Posted by Stephen Leather on Mar 2, 2013 in In The Press | Comments Off on Stephen Leather Featured In The Guardian – February 2011
Original story from The Guardian, February 26, 2011
Self-publishing has traditionally been a surefire route to obscurity and dismal sales. Now a British thriller writer who sells his novels as ebooks for as little as 70p is proving the naysayers wrong.
Not only does Stephen Leather, Britain’s leading “independent” writer, estimate he has occupied the number one spot on Amazon.co.uk’s Kindle ebook bestseller lists for “90% of the last three months”, he is also selling “somewhere in the region” of 2,000 ebooks a day – and making big profits in the process.
Leather, who celebrated his seventh consecutive week at the top of the Amazon chart with his novella The Basement, about a serial killer in New York, also occupies fourth place with Hard Landing, another thriller, and 11th place with Once Bitten, a vampire novel.
He is one of many authors increasingly turning to ebooks as an alternative way to the top. Capitalising on the popularity of e-readers such as the Kindle, a new generation of writers is bypassing agents and publishers and using the flexible pricing model of ebooks to offer their work directly to the public at rock-bottom prices. Some, like Leather, are achieving huge sales, which, not surprisingly, is striking fear into publishers.

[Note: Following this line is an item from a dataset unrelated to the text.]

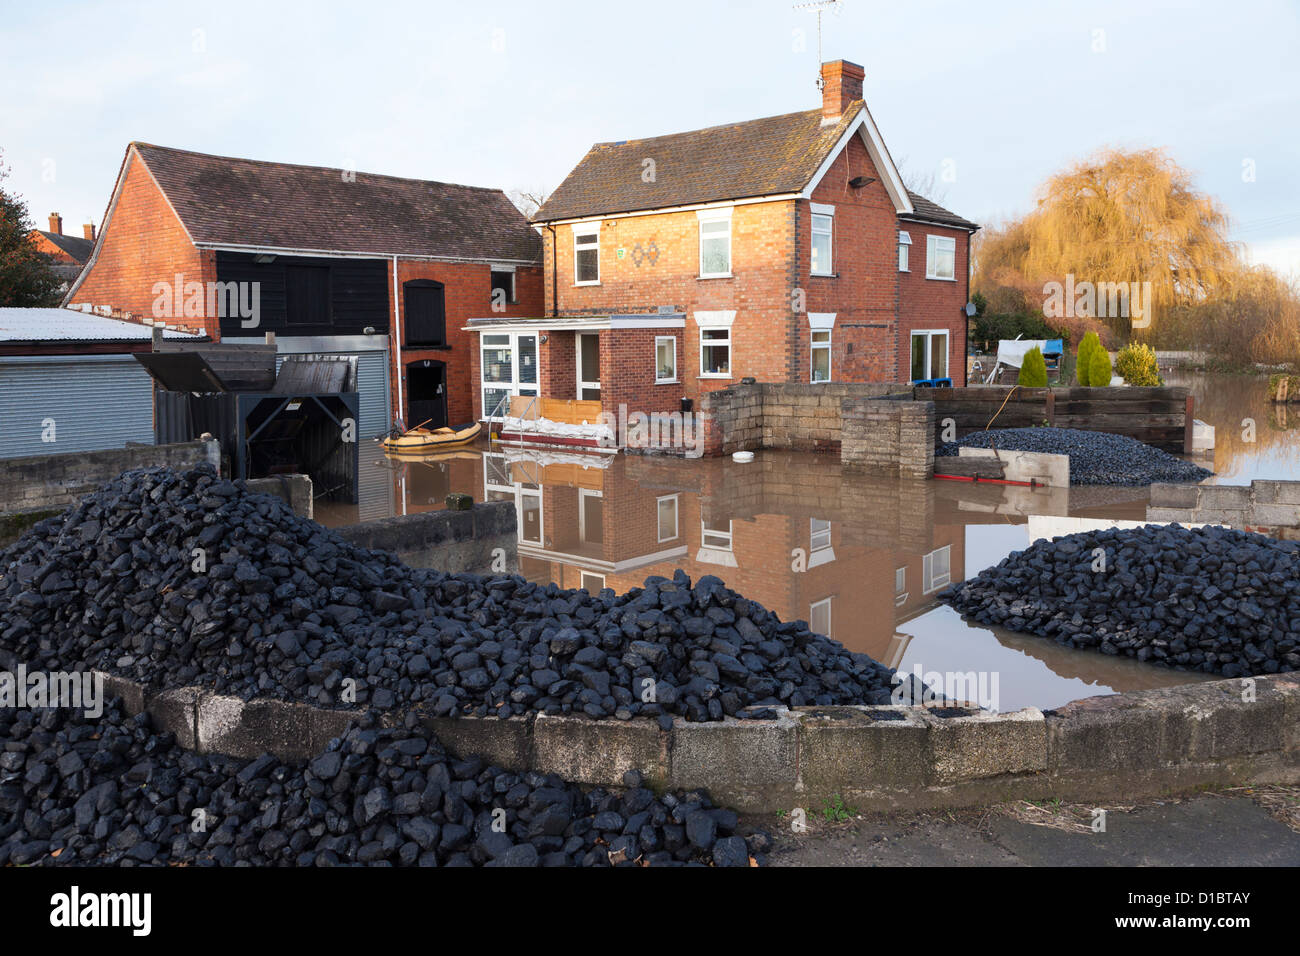 Floods by the River Severn - 29th November 2012 - local coal yard by the River Severn flooded at Maisemore, Gloucestershire, UK Stock Photo

Leather enjoys a successful parallel career writing “big international thrillers” for Hodder & Stoughton. But last August, when Amazon.co.uk opened its Kindle store, he saw an opportunity: “I was lucky, in that I had three novellas Hodder had turned down because they were in a different genre from my other books and too short to work as conventional paperbacks. But I realised they might work for the Kindle.”